A Johnson Bar is a control lever on a steam locomotive, used to control the timing of the admission of steam into the locomotive's cylinders.  By controlling this timing, the amount of power delivered to the wheels is regulated, as is the direction that the wheels rotate, giving the lever the alternative name of the reversing lever. This is the term employed in British English, while the term 'Johnson Bar' is common in the United States. Its basically a reverser, but for steam locomotives.

History

Historians have not identified the reasons why engineers called the reversing lever a Johnson Bar, but the reversing lever is described in both British, and American railway journals of the time.  The best accreditation of the invention is documented under the Walschaerts valve gear.

Reversing

The reversing lever in locomotive history is documented from about 1842.  The American Railway Master Mechanic's Association had members that published illustrations.  Parts for the reversing lever are drawn in the "Locomotive Dictionary", 1st edition (1906), by George Little Fowler.  The lever is linked to the valve gear piston inside the high pressure steam port.  The steam pressure faucet is closed to cut off power, and after coming to a halt, the valve gear piston could safely be moved a short distance using the lever as a fulcrum linked to the piston inside. Although the linkage was designed to give leverage, the Johnson Bar would take a firm throw to move and lock in position.  Some locomotives had a screw reversing gear instead.

Steam cut-off

The other use of the lever is to set the point of steam cut-off.  This is measured as the percentage of the piston stroke during which live boiler steam is still being admitted to the cylinder.  For starting the locomotive (when maximum torque is required), "full" cut-off may be as high as 85%, meaning that the piston is subject to almost full boiler pressure throughout most of its stroke.  Conversely, when running at high speed and not accelerating or climbing a gradient, cut-off can be set to as low as 10%.  This reduces torque but greatly economises on fuel, since far less steam is supplied to the cylinder and it is more efficiently used, being more greatly expanded and thus exhausted at a much lower temperature than when working at full cut-off.  For steady-state running of most locomotives it is most efficient in terms of fuel and water to run with the throttle wide open and a short cut-off.

Limitations

The reversing lever has a catch mechanism which engages with a series of notches to hold the lever at the desired cut-off position. This means that the operator does not have a full choice of cut-off positions between maximum and mid-gear, but only those which correspond with the notches. The position of the notches is chosen by the locomotive designer or constructor with a view to the locomotive's intended purpose - in general engines designed for freight will have fewer notches with a 'longer' minimum cut-off (providing high tractive effort at low speeds but poor efficiency at high speeds) while a passenger locomotive will have more notches and a shorter minimum cut-off (allowing efficiency at high speeds at the expense of tractive effort). If the minimum cut-off provided for by the notches was too high it would not be possible to run the locomotive in the efficient way described above (with a fully open regulator) without leading to steam wastage or 'choking' of the steam passages, so the regulator would have to be closed, limiting efficiency. 
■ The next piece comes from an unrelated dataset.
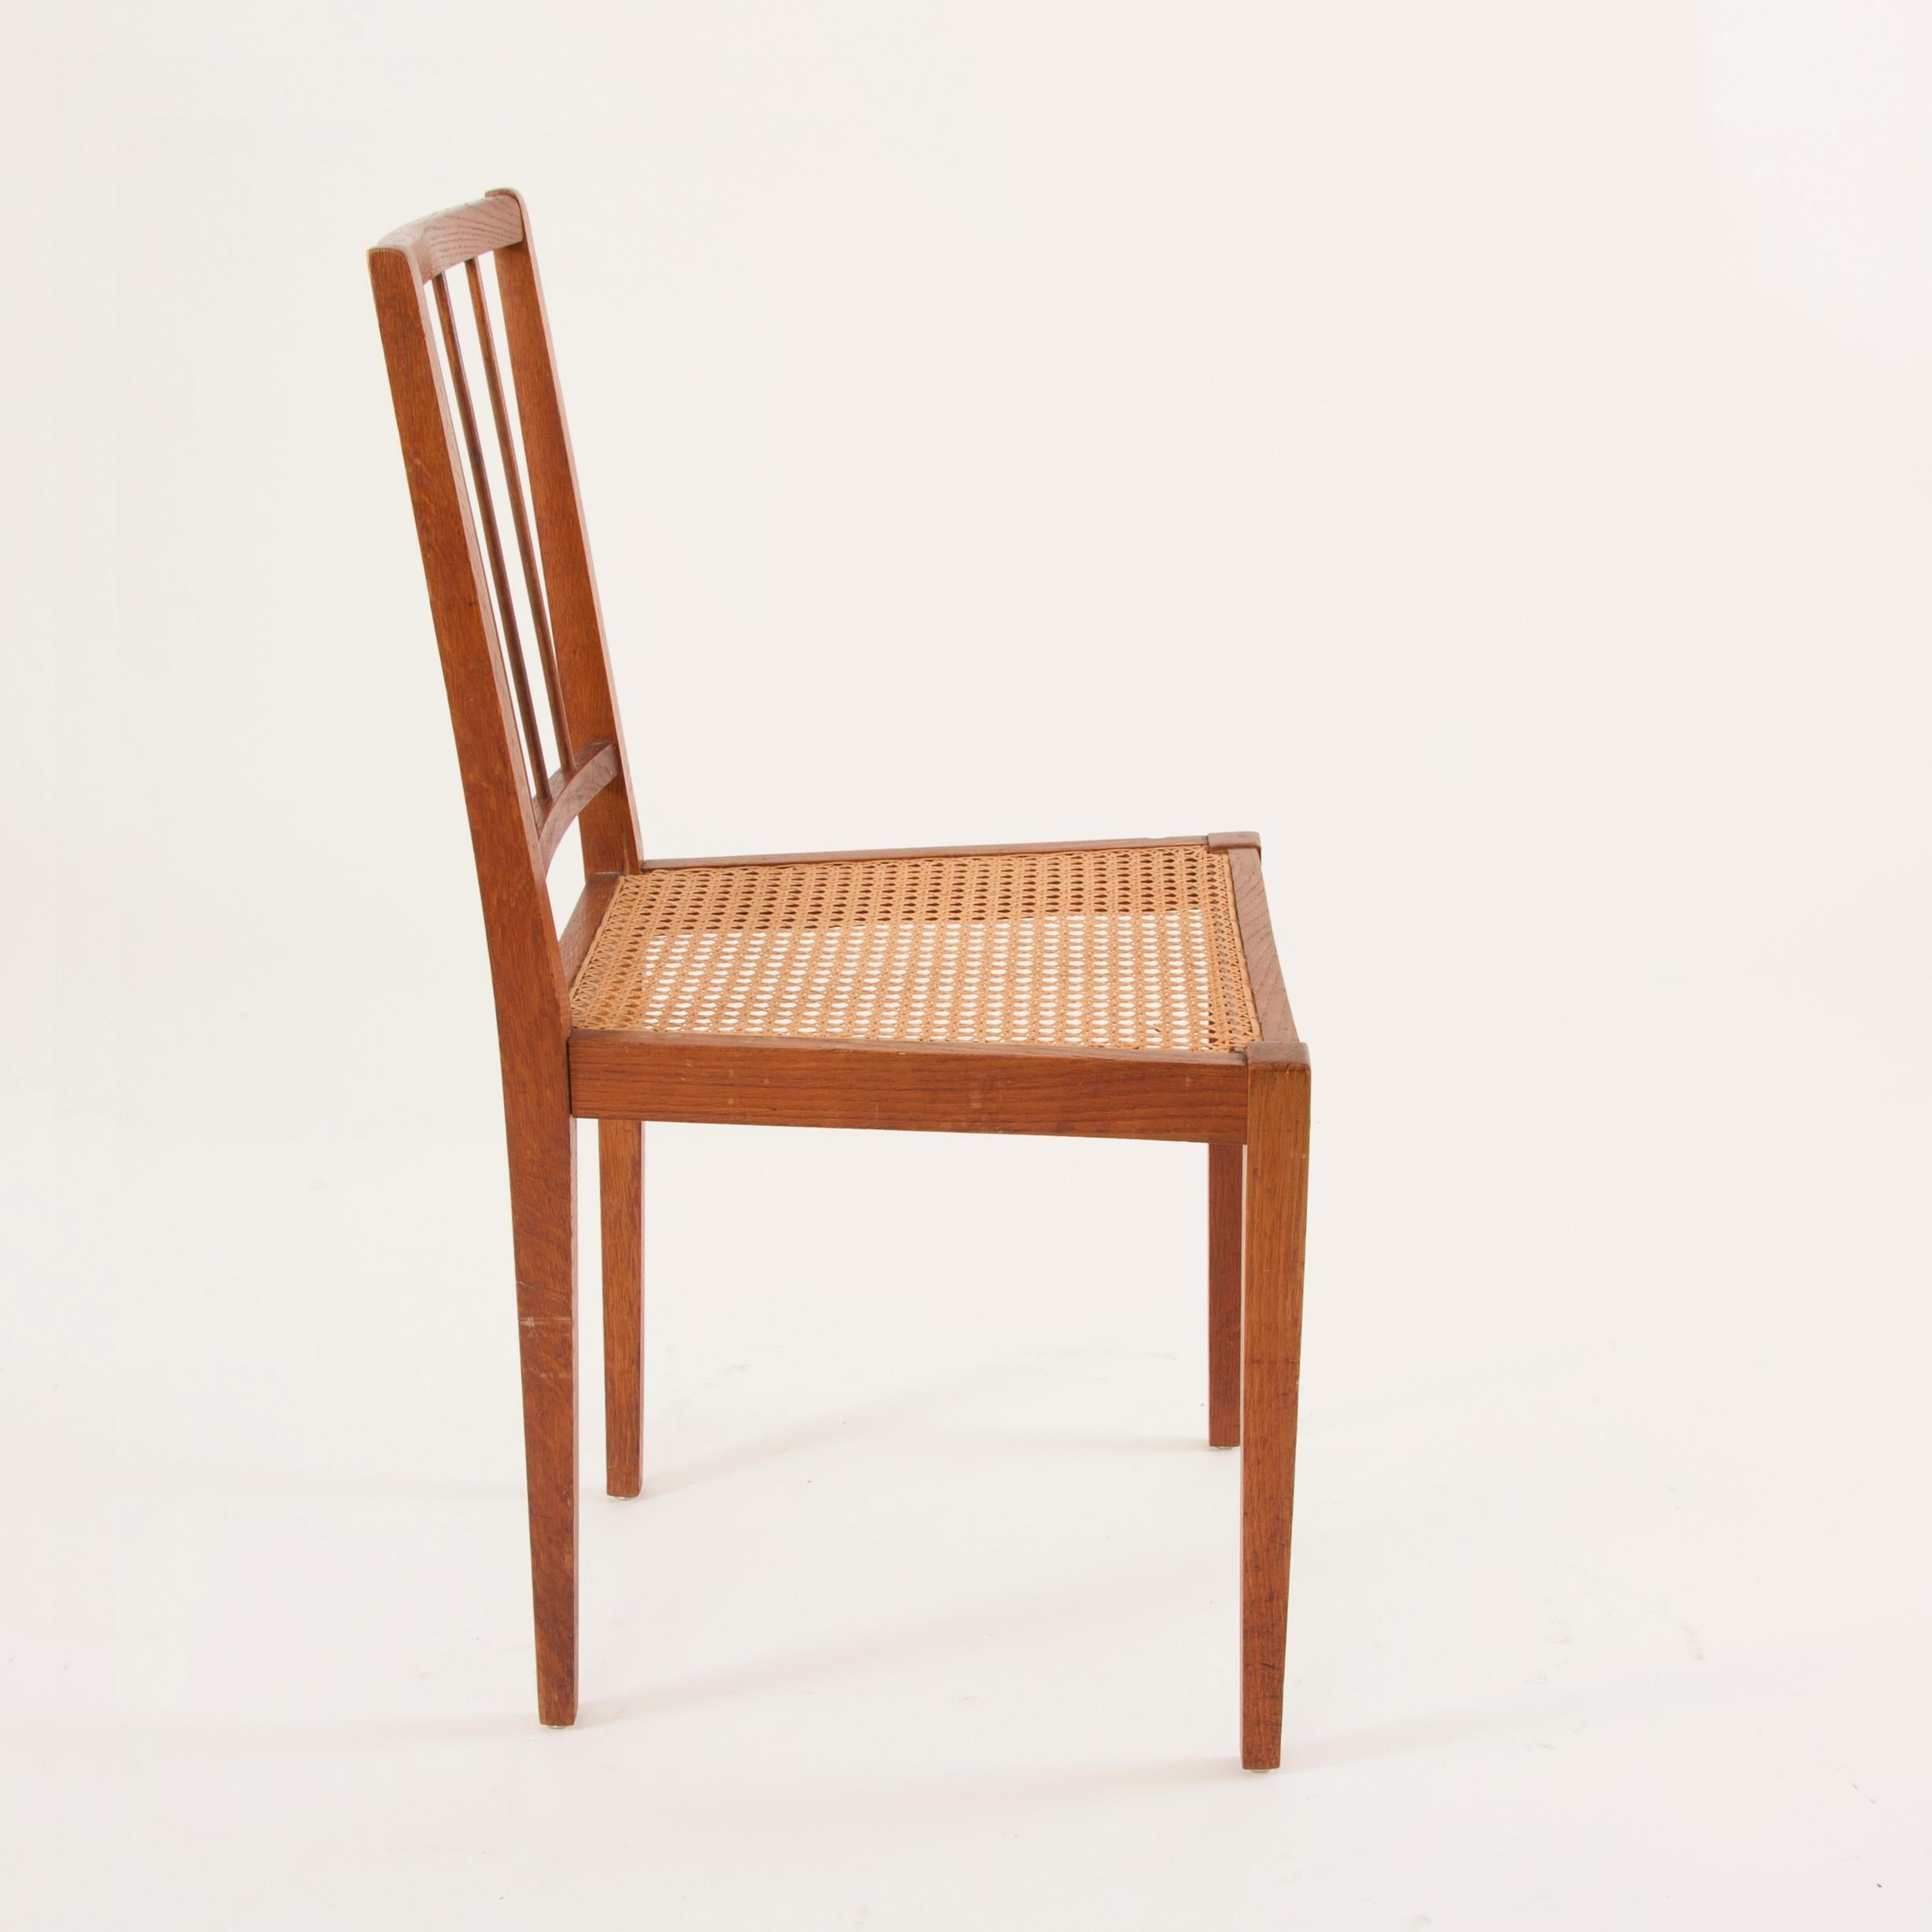 Two Elegant Werkstätte Hagenauer Chairs M006 by Julius Jirasek, Austria, 1930 In Good Condition For Sale In Vienna, AT

The Johnson Bar is effectively part of the entire valve gear, being connected to the various linkages and arms in order to serve its function in adjusting them. This means that the forces in the valve gear can be transmitted to the lever. This is especially the case if the engine has unbalanced slide valves, which have a high operating friction and are subject to steam forces on both sides of the valve. This friction meant that if the Johnson Bar is unlatched while the engine is operating under high steam pressure (wide regulator openings and high cut-off) or at high speeds, the forces that are supposed to act on the slide valves can instead be transmitted back through the linkage to the now-free reversing lever. This will suddenly and violently throw the lever into the full cut-off position, carrying with it the real danger of injury to the driver, damage to the valve gear and triggering wheelslip in the locomotive. 

The only way to prevent this is to close the regulator and allow the steam pressure in the valve chest to drop. The reversing lever can then be unlatched and set to a new cut-off position and then the regulator could be opened again. During this process the locomotive is not under power. On ascending gradients it was a matter of great skill to reduce the regulator opening by enough to safely unlatch the Johnson Bar while maintaining sufficient steam pressure to the cylinders. Each time the regulator was re-opened was a chance to encounter wheelslip and in loose coupled trains each closure and opening of the regulator set up dynamic forces throughout the length of the train which risked broken couplings. 

The screw reverser overcame all these issues. It provides infinite selection of cut-off between the valve gear's maximum and mid-gear and because it works by adjusting a heavy-duty screw thread, is never 'unlatched' even when the cut-off is being altered and thus transmitted no force to the control handle in normal use (in conditions of priming or wheelspin excessive force can generate enough force to rotate the wheel). The cut-off can be altered while the cylinders are receiving full steam pressure, allowing the regulator to be wide open as often as possible. The power reverser is a further refinement of the idea, being a servomechanism which remotely operates the valve gear by steam or compressed air, with no physical connection between the driver's reversing handle and the valve gear, and thus being free from any in-gear forces. 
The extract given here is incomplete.